Classic Australian Children's and YA Novels #4: The Gathering

I’ve been reading Australian children’s and young adult fantasy for a grant application, and this week came to Isobelle Carmody’s The Gathering (1993). It was joint winner of the CBCA Book Award for Older Readers in 1994. Unlike awards for adult fiction, which tend to marginalise genre fiction, the CBCA prize lists includes many fantasy titles among its young adult prize winners.

As part of the project I’m planning, I’m interested in thinking about how Australian children’s and young adult fantasy replicates familiar tropes and conventions from British and American examples, but also in how it might depart from them. The Gathering struck me as unusual because it depicts an Australian small town that is overcome by forces of darkness.

Protagonist Nathanial moves to Cheshunt with his mother and dog, The Tod, after a peripatetic childhood in the wake of his parents’ divorce. He discovers that there is a culture of surveillance surrounding teenagers in the town, and is soon pressured by the vice-principal, Mr Karle, to join The Gathering, like most of the other students in the school.

Nathanial is sceptical of The Gathering and alarmed by the threatening presence of a youth patrol and wild dogs in the town. He finds like-minded students at school who are similarly resistant to The Gathering, and becomes part of a small group who are working together to resist whatever evil is overcoming Cheshunt.

The novel introduces a high level of doubt about the motivations of adults, especially those who occupy positions of authority, such as teachers and the police. One of Nathanial’s teachers, Mrs Vellan, is especially sadistic in her questioning, asking him why he never saw his father after the divorce. With her yellowed eyes that recall that dogs that terrorise the town, she attempts to convince Nathanial that children’s innocence clouds their judgement:
People do not see clearly when they are young, Nathanial. There is too much they do not know. Too much hidden from them. That is why children must learn to trust and respect their elders. The problem is that often young people think they know more than adults. Even, that they can live without them. (106)

Despite Mrs Vellan’s claims, Nathanial and his friends must fight their battle without the help of adults.
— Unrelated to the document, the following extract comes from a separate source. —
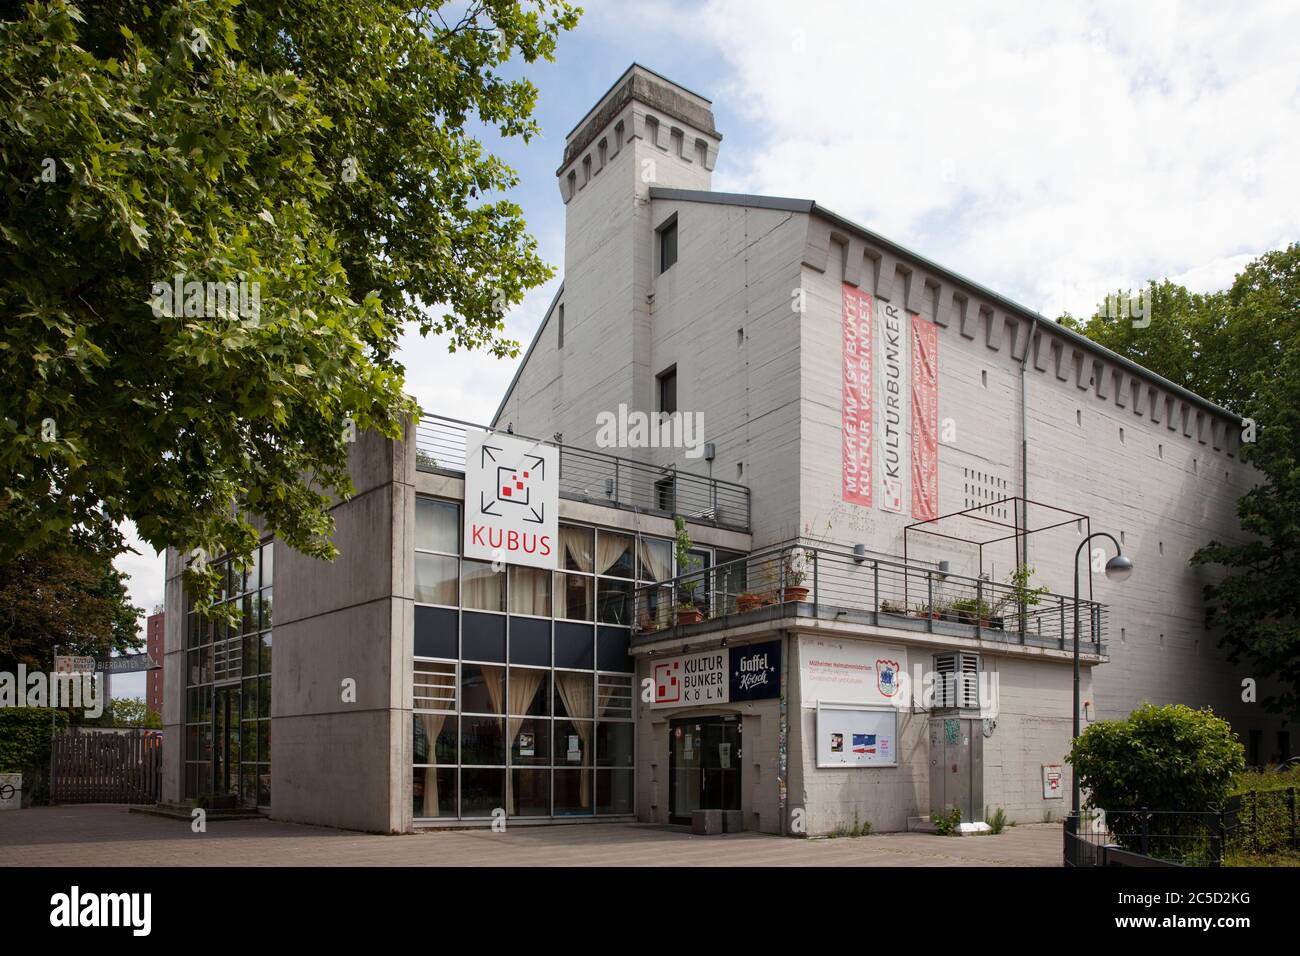 Kulturbunker (culture bunker) on Berliner street in the district Muelheim, former high bunker from the Second World War, today a cultural center, Colo Stock Photo

As Nathanial’s friend Danny notes after he is assaulted by police, “in the sleazy adult world, there aren’t any good guys” (121).With even Nathaniel’s mother concerned that it is her son who is simply being disobedient in his conflicts with the school vice-principal, he can only turn to the saviour for all young outsiders: the public library!

In the pre-internet era, Nathaniel visits the public library to view back issues of newspapers in the quest to discover what the past might have to reveal about the threatening presences in Cheshunt. Through some detective work and tracking down elderly former residents of the town, Nathanial discovers that long ago five other young people in the town were also drawn to the light to battle the darkness, with some giving their lives. Nathanial’s small group each takes on an ancient symbol, such as a rusted sword, bowl of healing, and fire torch, that will be “forged into a Chain” that will drive back the Darkness and prevent it becoming stronger.

 On GoodReads the book polarises readers, some of whom find it confronting in its darkness. Indeed, the Gathering is likened to “A youth militia. Like Hitler’s Jugend”, with Mr Karle using his students as a tool for “spread[ing] the darkness” (191). Indeed, the town of Cheshunt itself makes for a depressing setting, with the omnipresent stench of an abattoir, and “old and derelict” factories surrounded by salt pans that “were a murky pink colour, which meant that chemicals had been added” (130).

The idea of what is good and pure being tainted by adults, extends to the children of Cheshunt. As Nathanial reasons, five kids had responded to “the Call” to defeat the darkness instead of adults because “believing was something kids could do better than adults” (149). The town is “bruised by evil”, but in a way that repeats itself “like echoes all around” Nathanial.

Ultimately, The Gathering belongs to a long line of fantasy novels that situates a child or group of children as the only ones who can conquer evil. In opposition to the goodness of children who believe that they can overcome darkness, adults are susceptible to the temptations of power, and care little about the destruction and harm they cause to the land, young people, or to life itself.